Erweitern Sie Ihre Maschinen und Anlagenprogrammierung um erstklassige Datenfunktionen. Noch nie war es einfacher S7, TIA und Beckhoff Automatisierungen um moderne Datenanwendungen zu erweitern:
- Dateien mit Maschinendaten füllen: Excel, CSV, HTML, PDF
- Bidirektionale SQL, CSV und Excel-Datei Anbindung
- Email, SMS, Threema, Telegramm
- OPC-UA
- REST-API (Web) bidirektional
- Integrierter Webserver
- Drucken

Besonderen Wert haben wir auf einfache Bedienung gelegt. Der integrierte NoCode Editor ermöglich ganz einfach ohne Programmierung komplexe Abläufe und Konfigurationen. Beispiel: Bei Überschreitung einer Grenztemperatur soll ein Messprotokoll mit SPS Daten als PDF per Mail verschickt werden und gleichzeitig eine SMS mit dem aktuellen Temperaturwert versendet werden. Mit wenigen Klicks ist das realisierbar und bis ins Detail durchdacht. So haben wir natürlich eine Hysterese im Angebot (ein weiterer Klick) und einige andere in der Praxis nützliche Funktionen.

Kostenlose 30 Tage Testversion: 
https://mb-datasuite.com/de/download-datasuite3/

Wir haben viel Zeit und Mühe in diese Software gesteckt und freuen uns auf Euer Feedback. Was gefällt Euch? Was kann man besser machen?


Euer DataSuite Team von [MB]


----------



## MB Software und Systeme (14 Juni 2022)

DeltaMikeAir schrieb:


> bzw. falls man es mit (kostenlosen) Bordmitteln umsetzen möchte:
> Siemens: Anbindung einer S7-1200 CPU / S7-1500 CPU an eine SQL-Datenbank


Ja, das ist ein guter Link zu dem Thema. Es gibt auch noch einiges hier im Forum. Das Thema wurde lange, breit und immer wieder diskutiert. Mein Fazit dazu: Es geht, wenn man sich da reinfuchst und einliest, Siemens macht es einem dabei nicht einfach. 

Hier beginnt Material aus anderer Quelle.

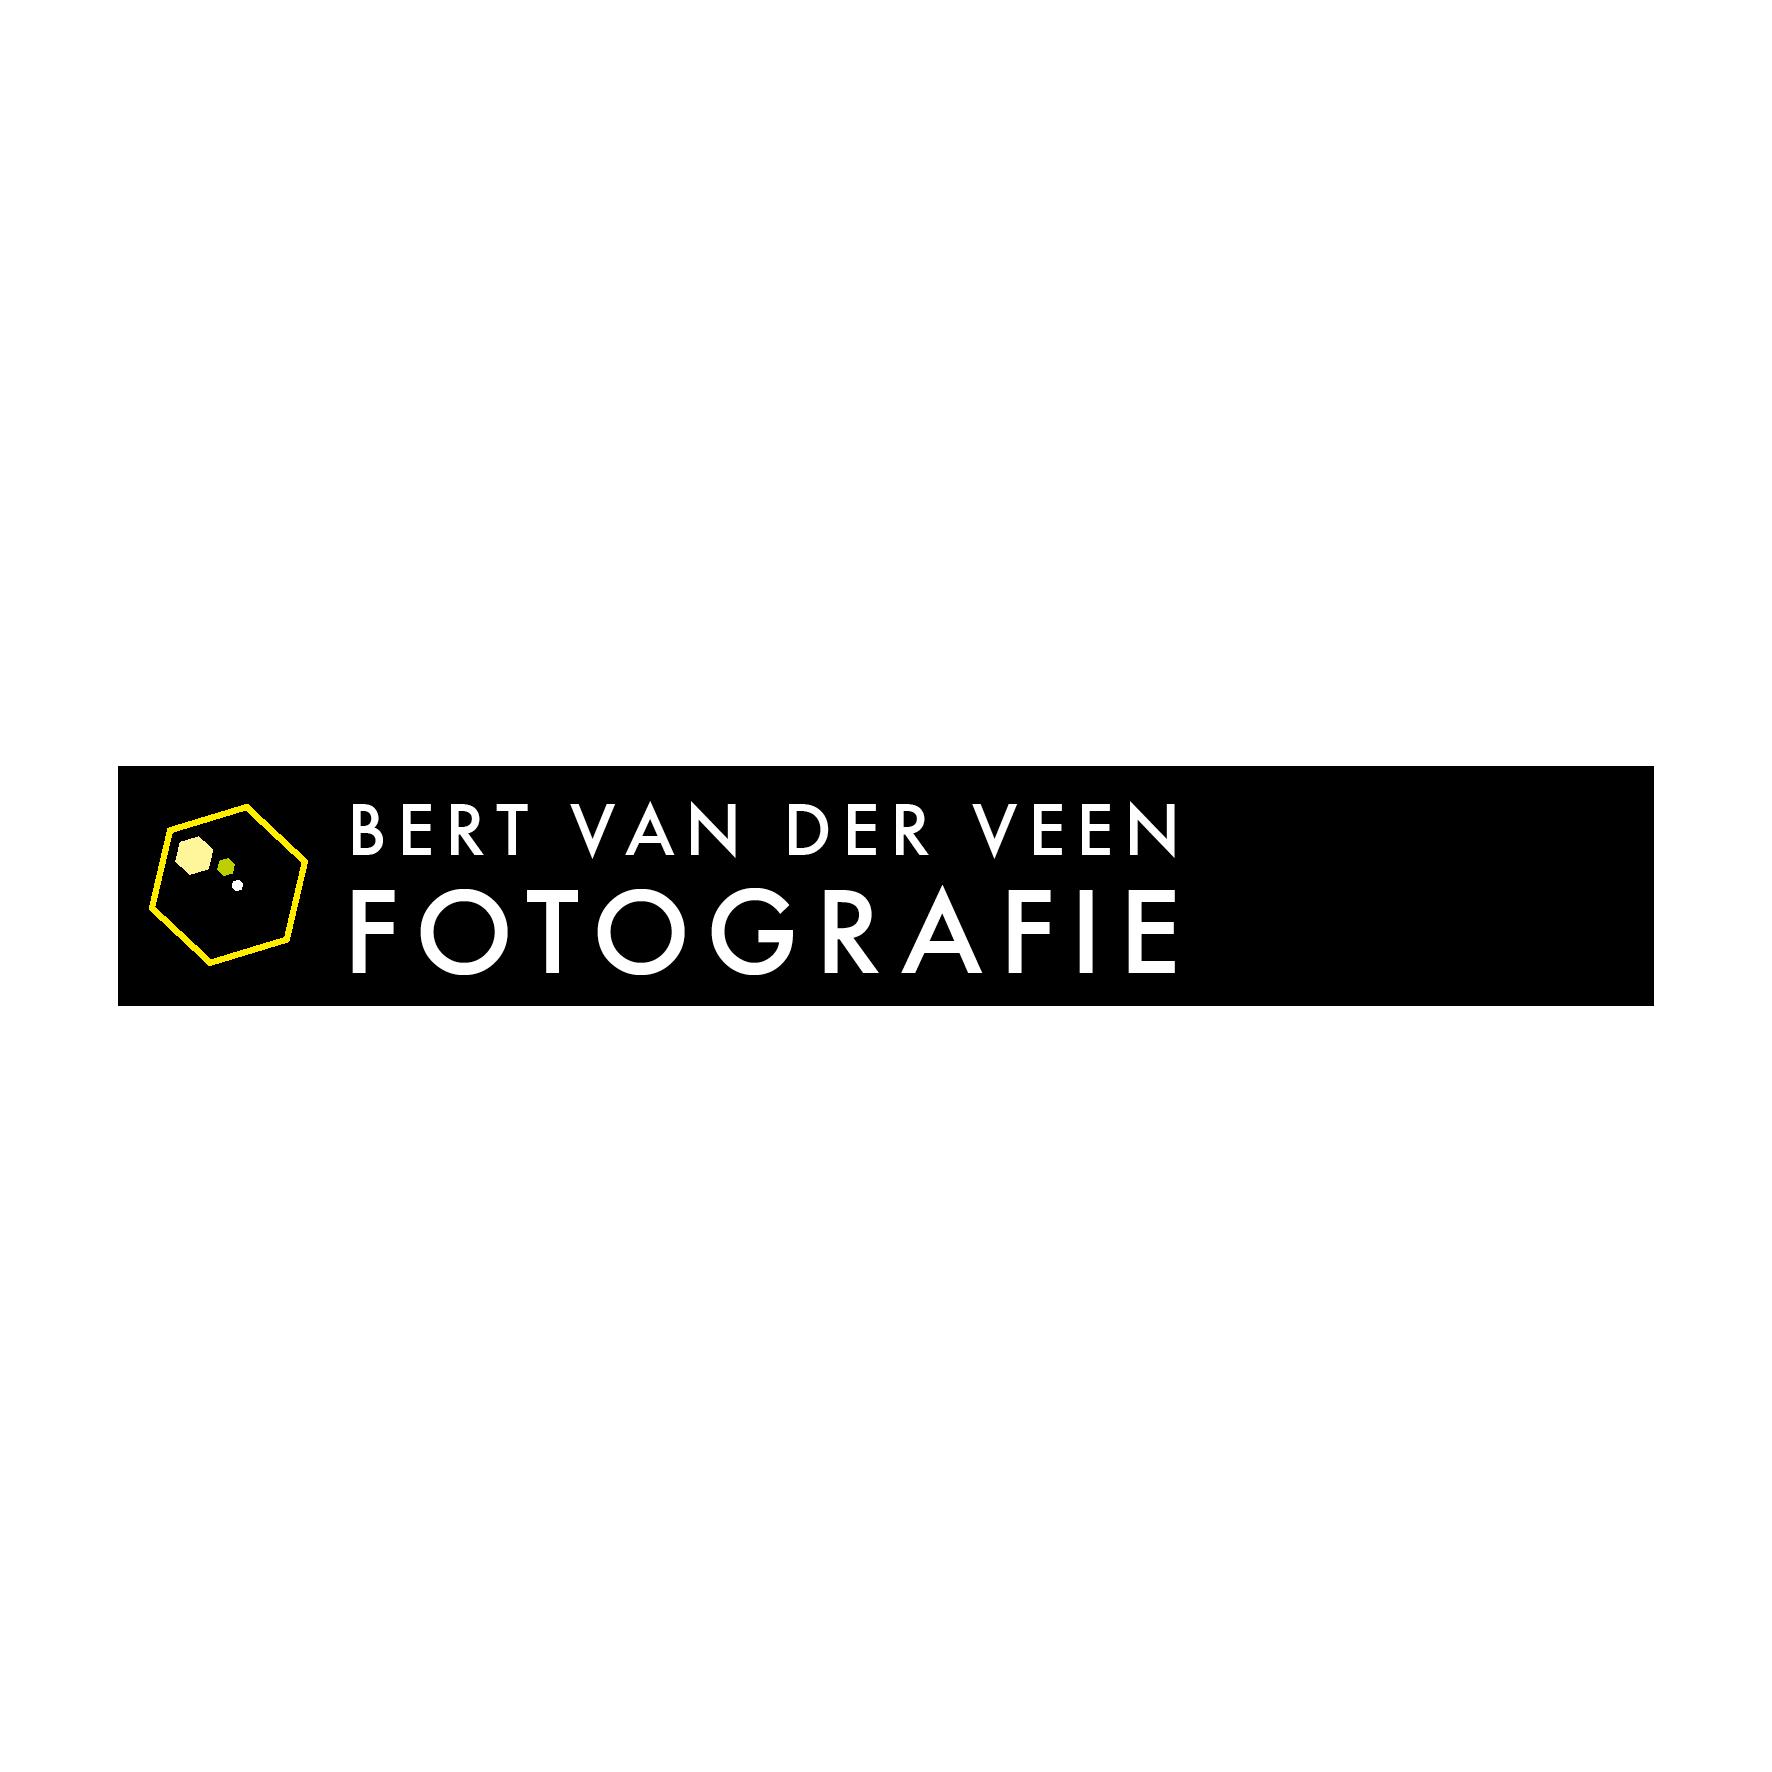 Bert van der Veen Fotografie

Es wäre doch so schön, wenn man SQL Statements wie "Select Name from Customers Where Key = 4711" eine String-Variable schreiben könnte und das Ergebnis würde in einen DB geschrieben, ohne Token, Lib und dies und jenem.... Gerne auch mit Verschlüsselung und Auth, ... naja, dachten wir zumindest, als wir die DataSuite entwickelt haben....


----------



## DeltaMikeAir (14 Juni 2022)

MB Software und Systeme schrieb:


> Siemens macht es einem dabei nicht einfach.


Ok? Hattes ihr es denn überhaupt schon einmal probiert mit der Siemens Bibliothek?

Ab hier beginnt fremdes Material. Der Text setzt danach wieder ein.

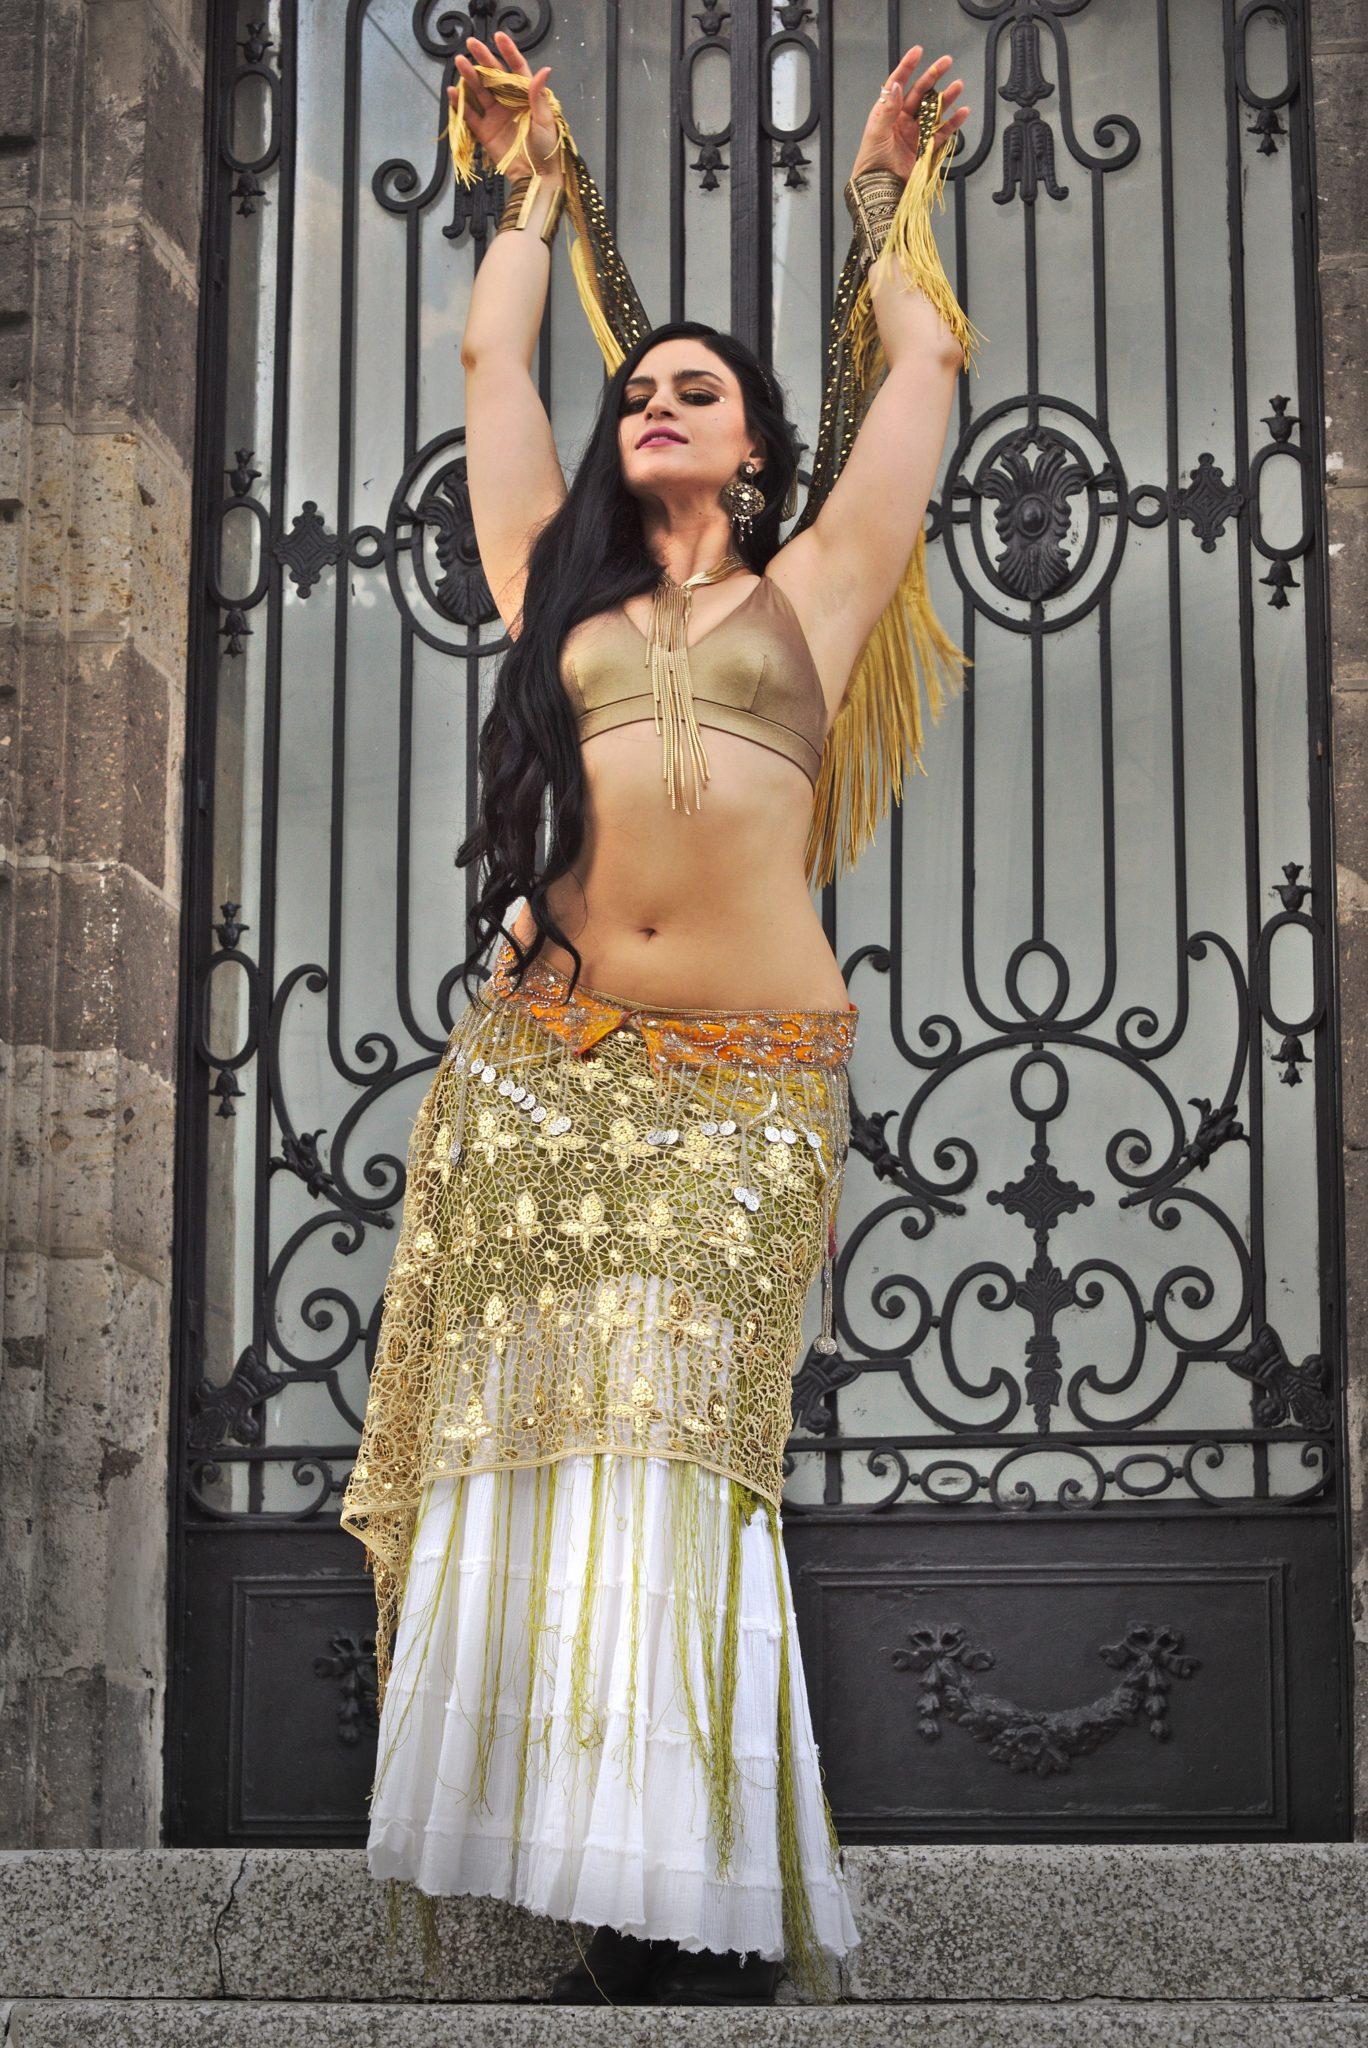 danza del-vientre-triba

MB Software und Systeme schrieb:


> Es wäre doch so schön, wenn man SQL Statements wie "Select Name from Customers Where Key = 4711" eine String-Variable schreiben könnte


Das geht mit der Siemens Bibliothek






MB Software und Systeme schrieb:


> und das Ergebnis würde in einen DB geschrieben








MB Software und Systeme schrieb:


> und Auth


Ist natürlich auch mit dabei


----------



## MB Software und Systeme (14 Juni 2022)

DeltaMikeAir schrieb:


> Ist natürlich auch mit dabei


Oh, danke. Das haben wir wohl beim Ausprobieren  übersehen...

Es ist eine Siemens typische Sache: Es geht (fast) alles irgendwie, wenn man nur viel liest und probiert und macht und tut. Die Frage ist nur, wenn man eine real world Anwendung mit Zeitdruck hat, wie lange braucht man zusätzlich zur eigentlichen Automatisierungsaufgabe für das Datenhandling und wie viele Fehlermöglichkeiten gibt es dabei. Ich meine jetzt nicht das kleine Hobby-Projekt, sondern Industrie mit 24/7. Da würde man doch zumindest folgende Standards erwarten:
- Überwachung auf Fehler, z.B. Verbindungsunterbrechungen
- Absicherung der Datenbankverbindung mit Auth *und Verschlüsselung* (SSL)

Geht natürlich auch irgendwie mit Bordmitteln, zumindest die Verbindungsüberwachung. Frage dazu: Verschlüsselung auch?

Das meine ich mit "nicht einfach": Es ist nicht umsonst eine 66-Seitige Anleitung, in der Siemens nur erklärt, wie man eine MS-SQL Datenbank mit einer S7 nutzt... und wenn dann der Kunde fordert, dass bei Verbindungsunterbrechung zur SPS (z.B. Netzwerkkabel unterbrochen) ein Alarm per SMS/Email etc versendet werden soll, dann kann man wieder lesen, tun, machen ....

Und dann sagt der Kunde: _Nee, doch lieber eine MySQL Datenbank_ und man kann von vorne anfangen, oder eben einfach umschalten:




Das ist für mich und unser DataSuite Team "einfach".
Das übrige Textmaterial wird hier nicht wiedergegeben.